Review: TOWERS OF MIDNIGHT overcomes Middle Book Syndrome

Towers of Midnight is the thirteenth and penultimate book in Robert Jordan’s The Wheel of Time series. I’ve been reading this series off and on for about six years. It took me some time to get through this book, primarily because I wanted to savor it, rather than rush through it to get to the end. That was a wise decision.

I consider this installment a “middle” book for two reasons.

  1. The Gathering Storm (book 12), Towers of Midnight (book 13), and A Memory of Light (book 14) are very clearly the final act in this sprawling series, narratively.
  2. They are also the final act in their production. Sanderson worked with the editor, Jordan’s widow, to split the final act into three books, and produced these three volumes.

This review contains spoilers for this book and those preceding it in The Wheel of Time.

So when I say that Towers of Midnight overcomes Middle Book Syndrome, I really mean that as a transitionary book to build to the climax that is surely waiting in A Memory of Light, this book succeeds.

Towers of Midnight is a compelling read jam-packed with fascinating plot lines centered around our main characters, especially Mat and Perrin, but also Elayne and Egwene. Other staple characters like Faile, Nynaeve, Lan, Galad and Gawyn also build towards a rich narrative.

It is very much a middle book in that these plot lines serve to close out long-running narrative threads, such as Perrin’s rise to leadership, Mat’s shifting focus back towards Rand and the Last Battle, Egwene’s cementing of her power as Amyrlin, and Elayne’s marshaling of power around her throne in Caemlyn.

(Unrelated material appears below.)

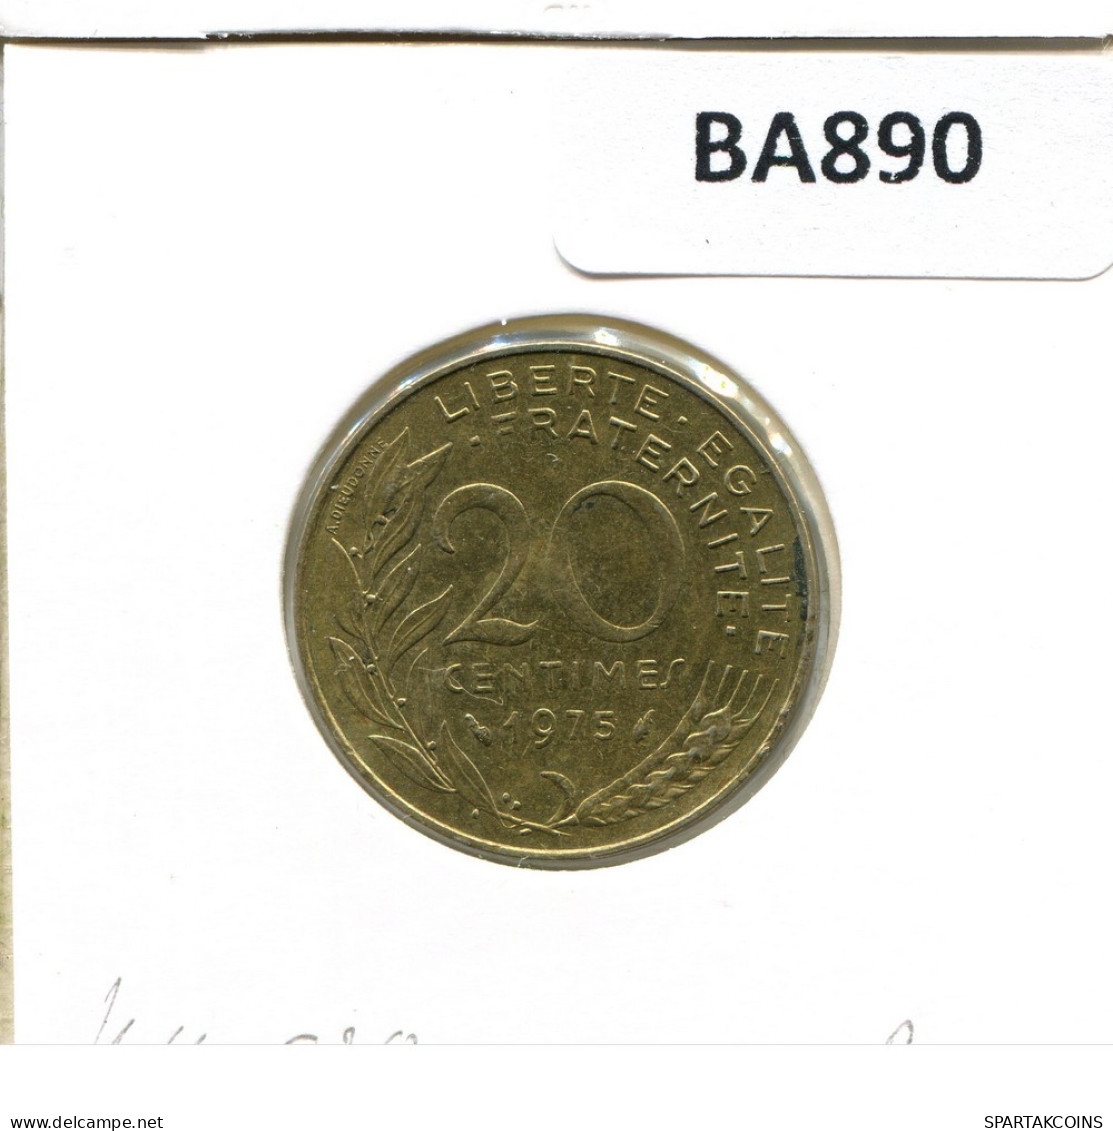 20 CENTIMES 1975 FRANCE Coin French Coin #BA890.U.A - 20 Centimes

These characters are shifting, slowly and inexorably, towards the Last Battle. In doing so, Towers of Midnight necessarily takes on the hefty task of transitioning the characters, all of the hundreds of characters, and the reader into Tarmon Gaidon.

That’s not to say that A Memory of Light opens with the Last Battle and is one massive compendium of fighting. (I’m a few pages in and can confirm this is not the case.) But after 13 novels of ever-increasing length and complexity, everyone is facing the same direction: towards The End.

Some sections of the book drag a bit — Perrin’s training in the wolf dream with Hopper and his inevitable face-off with Slayer took me a bit to get through, both because of the tension that had been built and because I wanted to get past it. Still, I understood in the moment that his realization and acceptance of his true self was necessary to Perrin’s facing of the Whitecloaks.

Overall, though, Sanderson churns through these plot lines and still manages to provide some surprises, some poignant moments, and some clean breaks with narrative threads that would no longer serve the end of this series.

After the numerous books I struggled to get through, or even to understand at points because they were so weighed down with characters about whom I could not bring myself to care, I’m honestly still a little awestruck at how neatly Towers of Midnight, and The Gathering Storm before it, have brought us to this point.

Like I said, I’ve already started A Memory of Light. I’m thrilled and simultaneously reluctant to get to the end of this series. That, I think, is testament enough to its storytelling power.